• **DATA EXTRACT**:
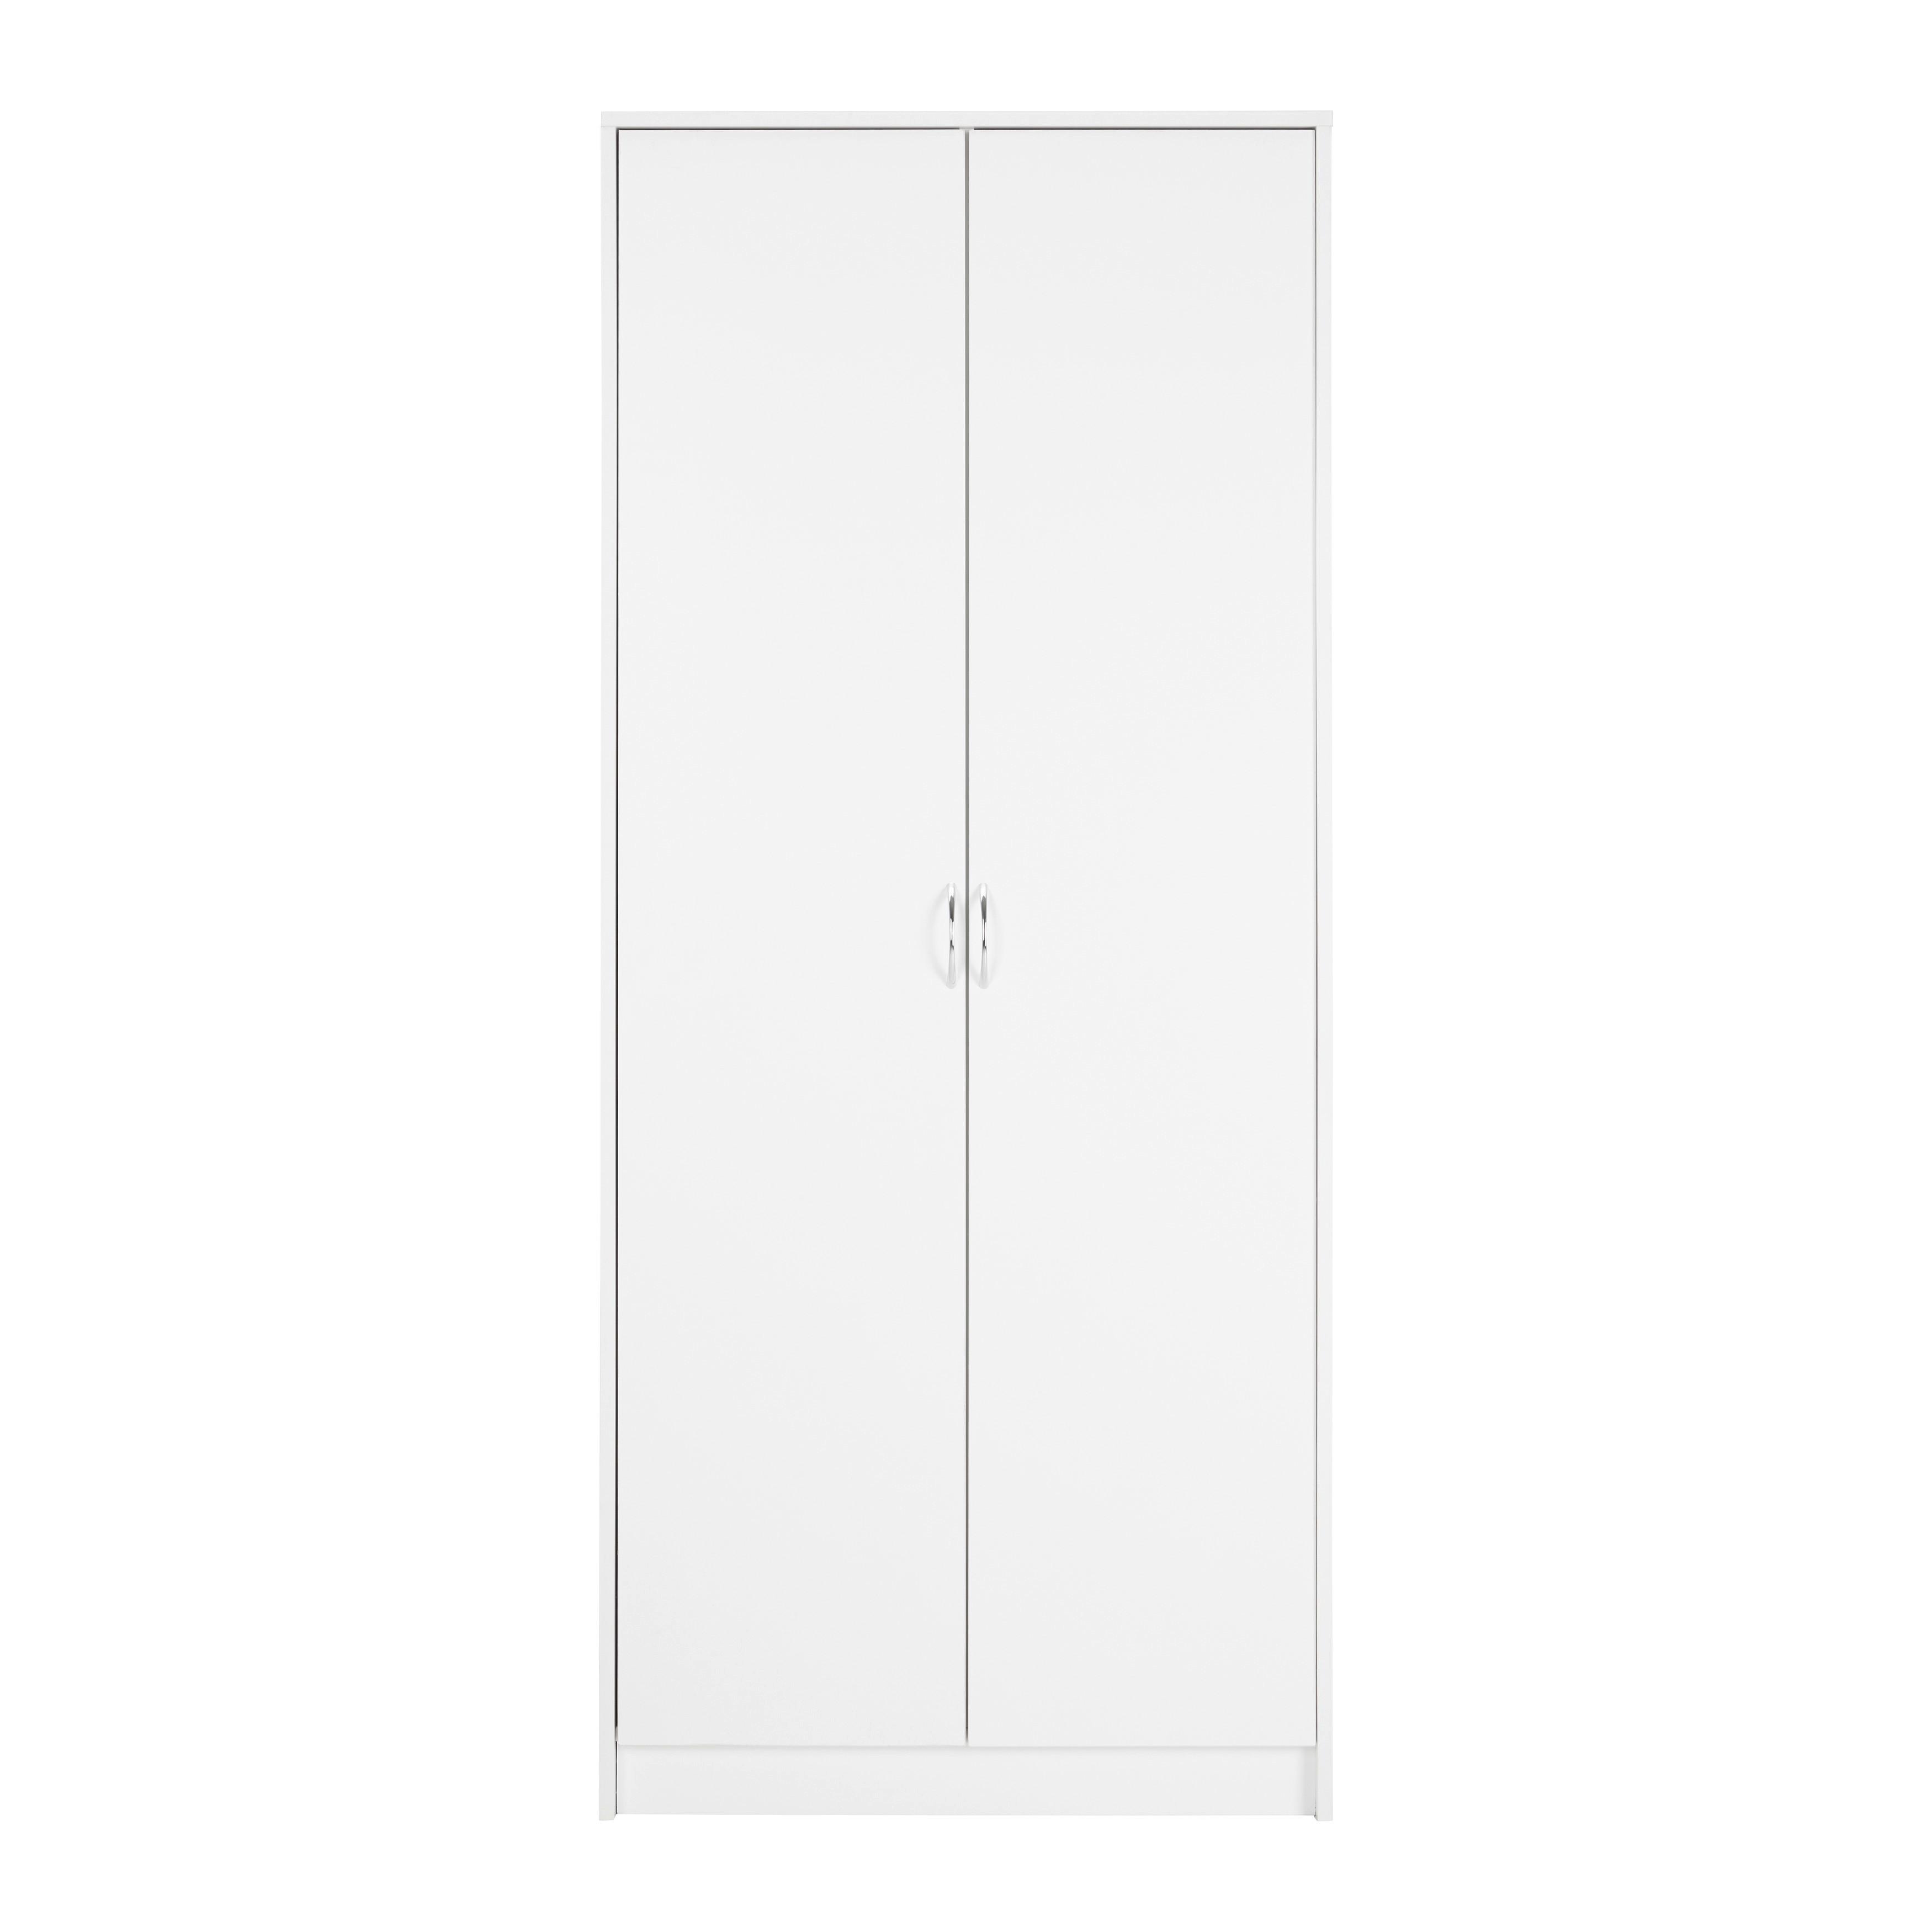 Kleiderschrank "Nika", weiß - Silberfarben/Weiß, MODERN, Holzwerkstoff/Kunststoff (75/175/50cm) - Bessagi Home
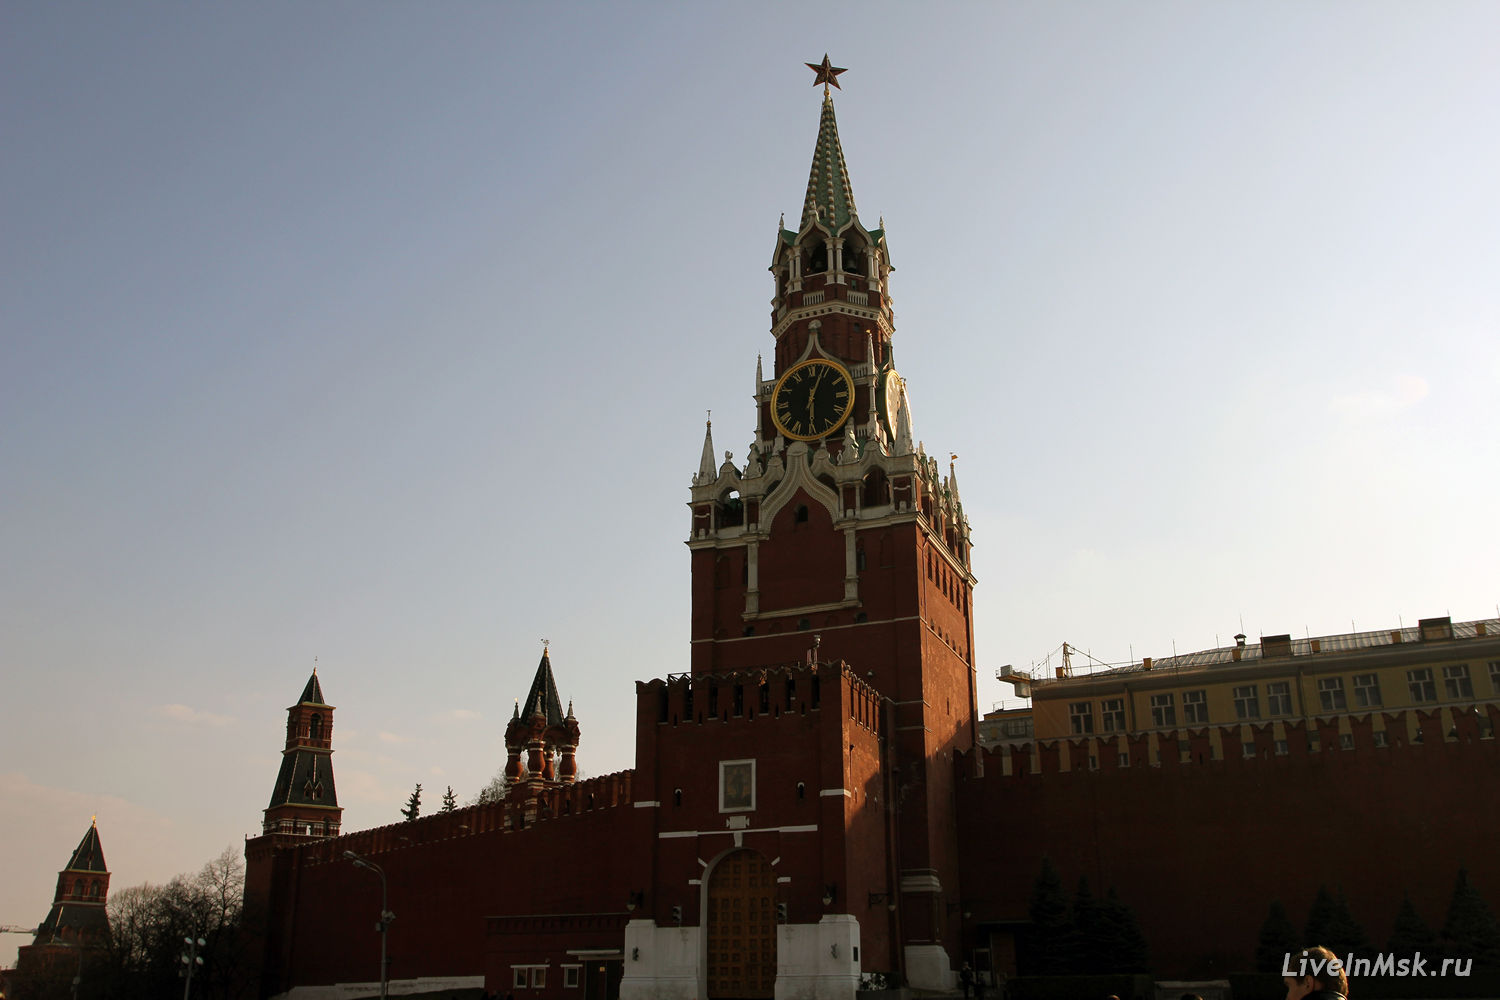 Спасская башня Московского Кремля, фото 2015 года
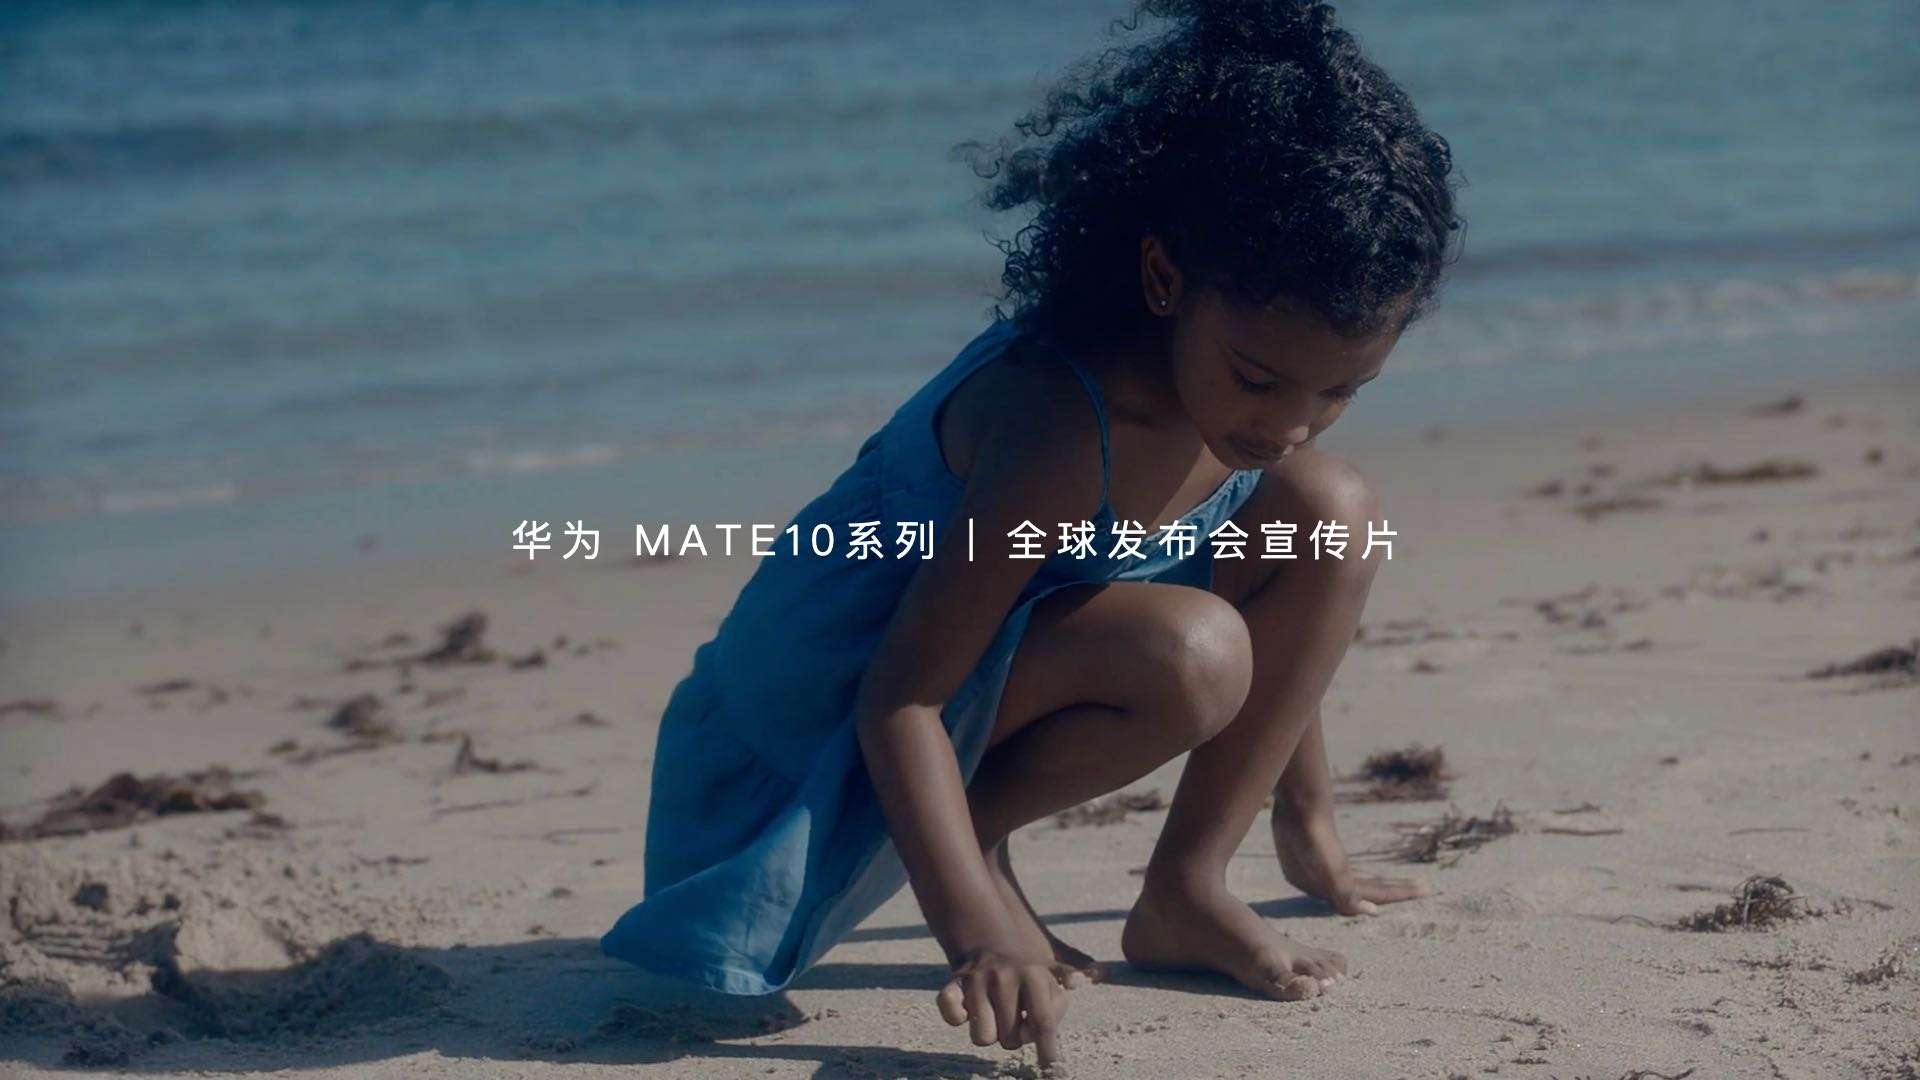 华为 MATE10系列 | 全球发布会宣传片

• **EXERCISE OBJECTIVE**: Starting with the line that contains "Спасская башня Московского", repeat each line exactly until the listing ends, including the last one. Leave pictures out.

• **ANSWER SECTION**:
 Спасская башня Московского Кремля, фото 2015 года
 华为 MATE10系列 | 全球发布会宣传片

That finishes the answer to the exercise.